How to complete this task: Transcribe the full listing exactly, and drop every picture.

Source material:
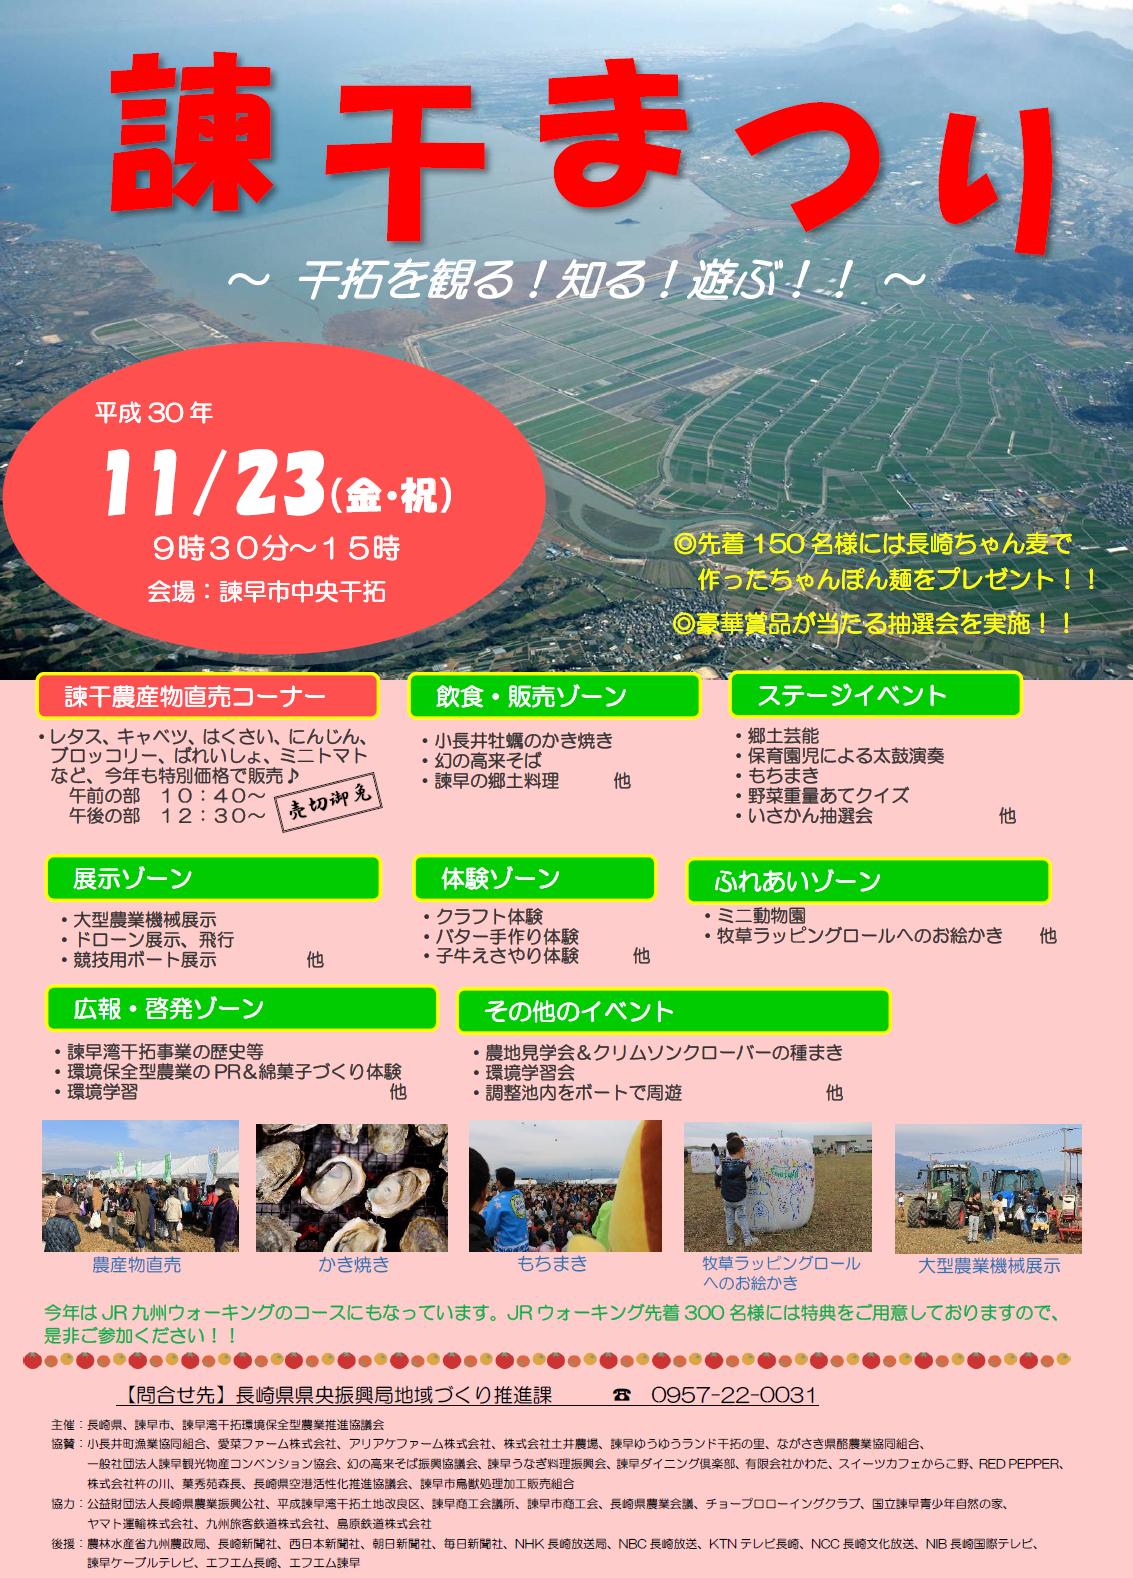 2018年11月23日(金曜日・祝日)諫干まつり開催!!チラシ
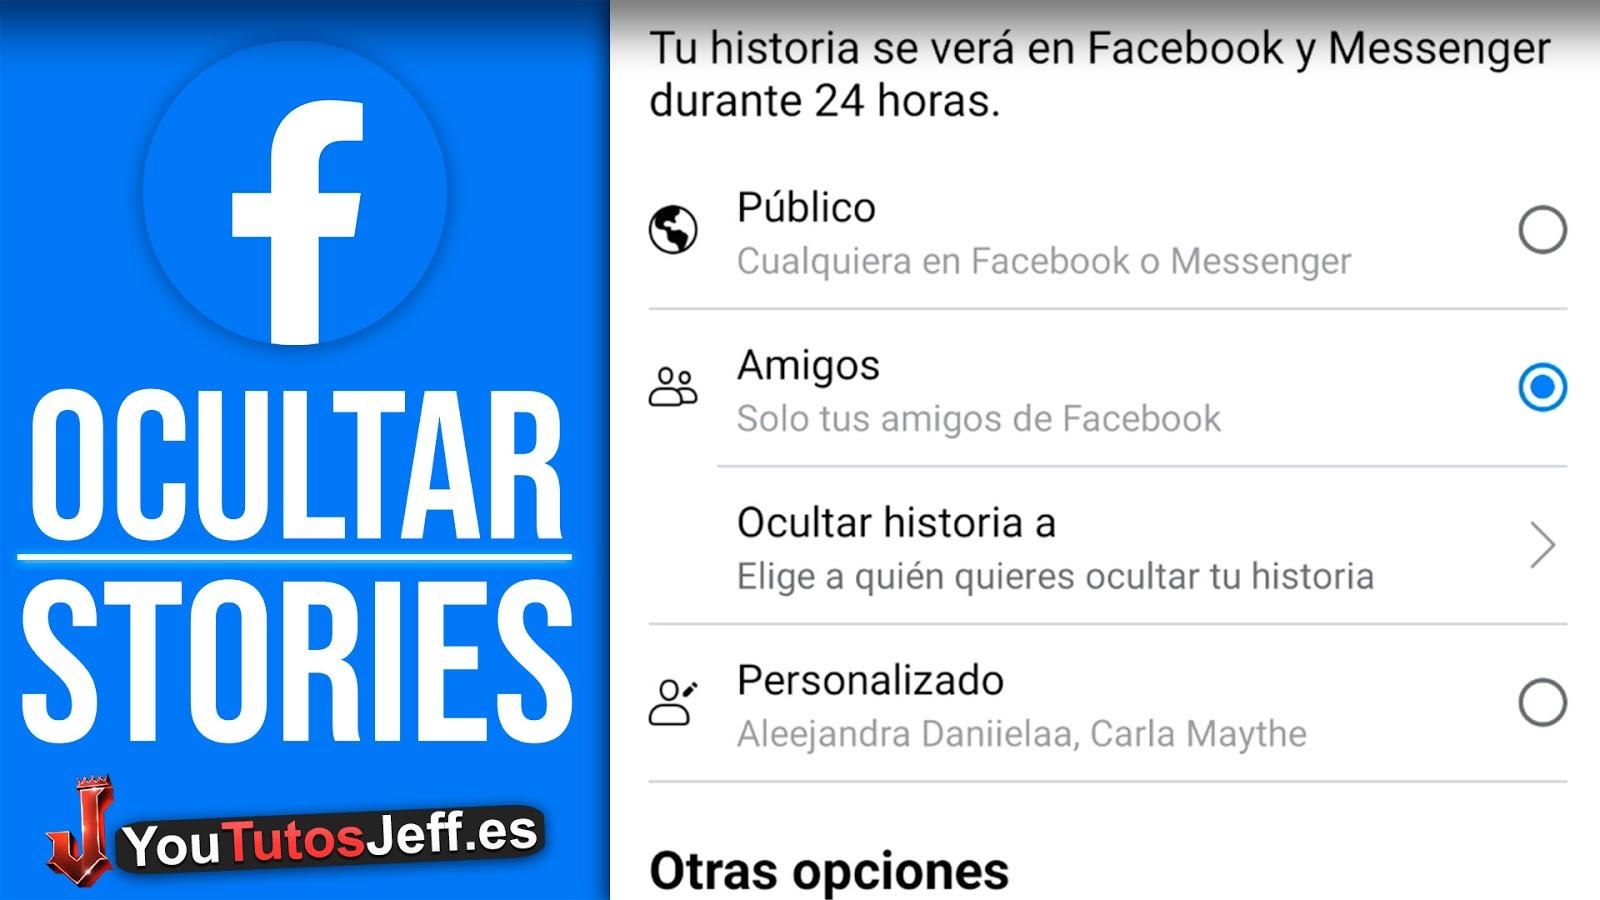 Ocultar Historias de Facebook a Ciertas Personas
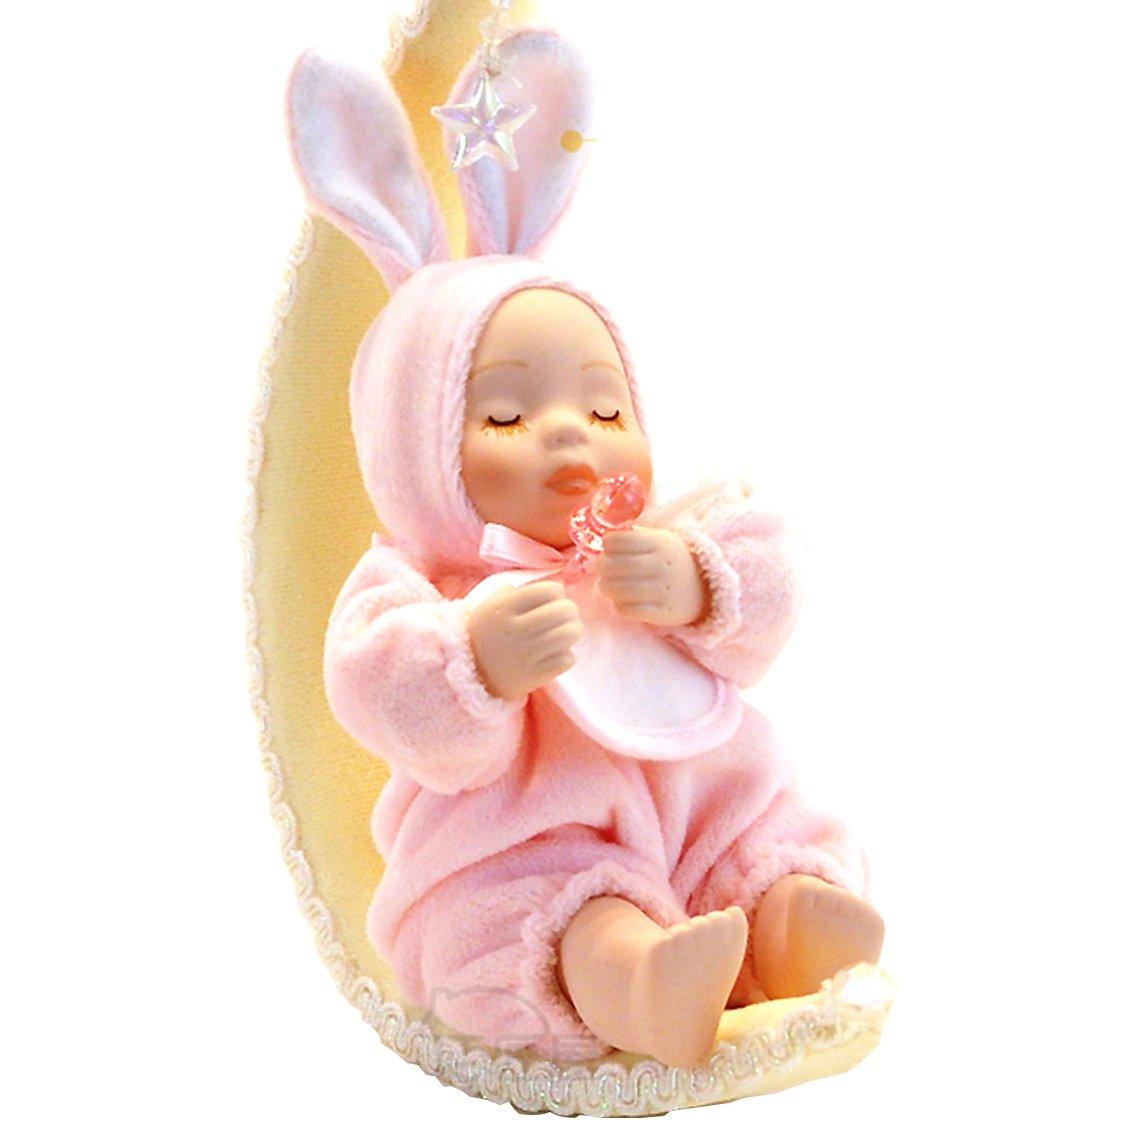 爱心兔月亮船动态娃娃音乐盒八音盒创意礼品生日礼物

Answer box:
 2018年11月23日(金曜日・祝日)諫干まつり開催!!チラシ
 Ocultar Historias de Facebook a Ciertas Personas
 爱心兔月亮船动态娃娃音乐盒八音盒创意礼品生日礼物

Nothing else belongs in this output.